Complete technical specification and implementation details from the patent document.
This application claims the benefit of Korean Patent Applications No. 10-2024-0164289, filed Nov. 18, 2024, and No. 10-2025-0162889, filed Nov. 3, 2025, which are hereby incorporated by reference in their entireties into this application.
The present disclosure relates generally to technology for partitioned operations of an activation function by reusing the operation structure of an outer product processor, and more particularly to an operation technique and a hardware-processing structure for processing various kinds of activation function operations in parallel by reusing an N×M matrix operation semiconductor circuit based on an outer-product processor or a vector processing AI semiconductor.
In conventional hardware architectures for accelerating artificial neural networks, a separate dedicated processor should be provided for activation function operations. Such a dedicated processor may perform activation functions with high precision but has a limitation in the types of activation functions that can be handled thereby. Also, when various activation functions are supported, the hardware area increases, which may restrict the total number of activation function processors. For example, when an outer-product-based matrix processor finally generates N×M computational data elements and then performs activation function operations thereon, the operations are performed only on a small amount of data that does not exceed N or M data elements, according to the capacity permitted by the activation function processor.
Accordingly, there is a need for a processing method and hardware architecture capable of flexibly supporting operations for various kinds of activation functions while minimizing hardware for activation function operations. In particular, an architecture that maximizes throughput by performing activation function operations in parallel for N×M data elements output from an N×M outer-product-based matrix processor is required.

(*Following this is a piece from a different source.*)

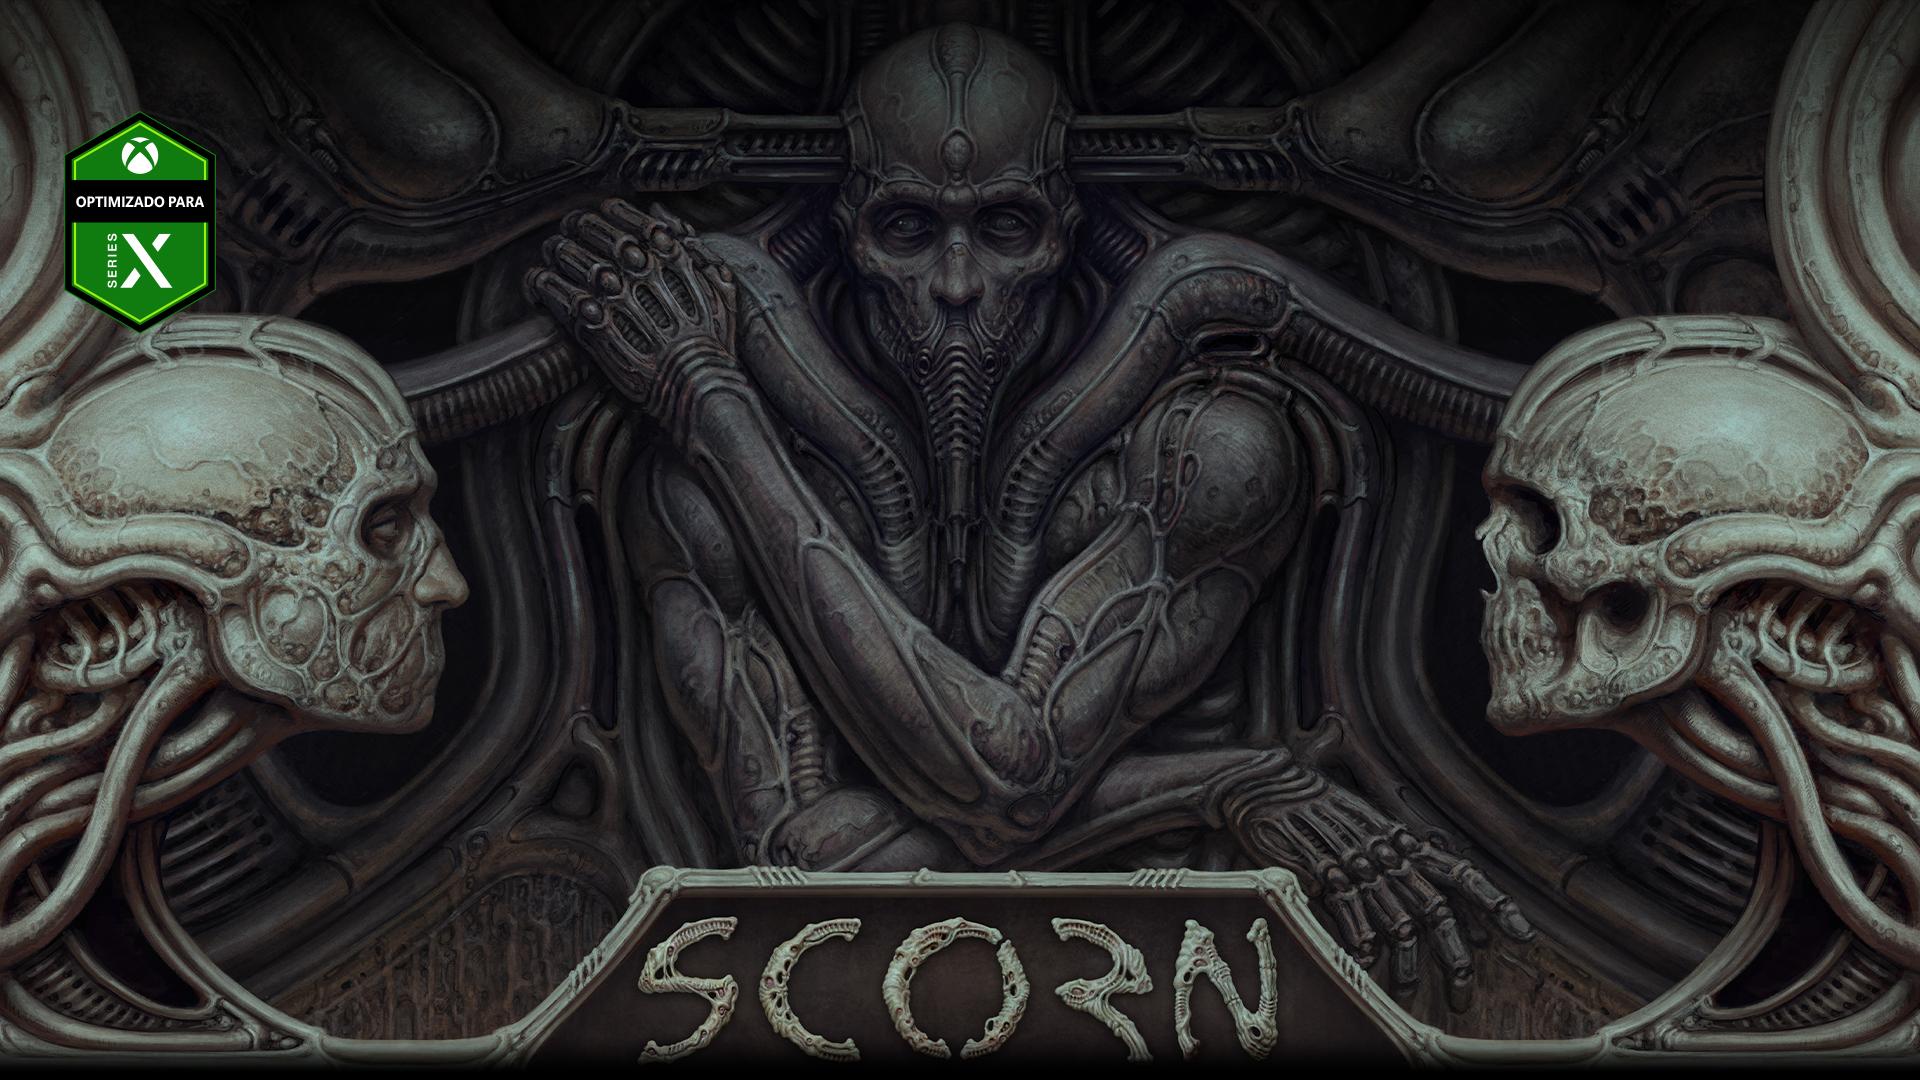 Personaje de Scorn incrustado en una pared con dos calaveras.

(Patent Document 1) Korean Patent Application Publication No. 10-2024-0129462, published on Aug. 27, 2024 and titled “Quantum matrix operator and quantum matrix operation method for artificial neural networks”.
An object of the present disclosure is to provide activation function partitioned operation methodology and hardware architecture capable of flexibly applying various kinds of activation functions while simultaneously applying activation function operations to N×M pieces of matrix operation output data by reusing the N×M matrix processor structure of an outer-product-based AI semiconductor.

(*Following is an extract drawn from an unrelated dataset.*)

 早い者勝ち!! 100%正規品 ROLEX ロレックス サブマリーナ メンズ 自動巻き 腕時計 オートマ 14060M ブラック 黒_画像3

Another object of the present disclosure is to simultaneously apply activation function operations to all data generated by an outer-product-based N×M matrix processor by using only simple activation function control logic, thereby maximizing activation function throughput.
A further object of the present disclosure is to provide an activation function operation structure that is capable of flexibly applying various activation functions without adding special hardware.
Yet another object of the present disclosure is to provide technology for increasing activation function throughput that critically contributes to increases in the inference and training speed of AI semiconductors according to increasingly large next-generation neural network architectures.
In order to accomplish the above objects, a method for partitioned operations of an activation function, performed by an apparatus for partitioned operations of an activation function by reusing an operation structure of an outer product processor, according to the present disclosure includes partitioning an activation function corresponding to a high-order polynomial into a plurality of one-dimensional linear functions, providing model parameters for the plurality of one-dimensional linear functions to a plurality of internal processing elements (PEs), and processing the plurality of one-dimensional linear functions in parallel by using a matrix multiplication result stored in a processing element (PE) register as input to each of the plurality of internal PEs.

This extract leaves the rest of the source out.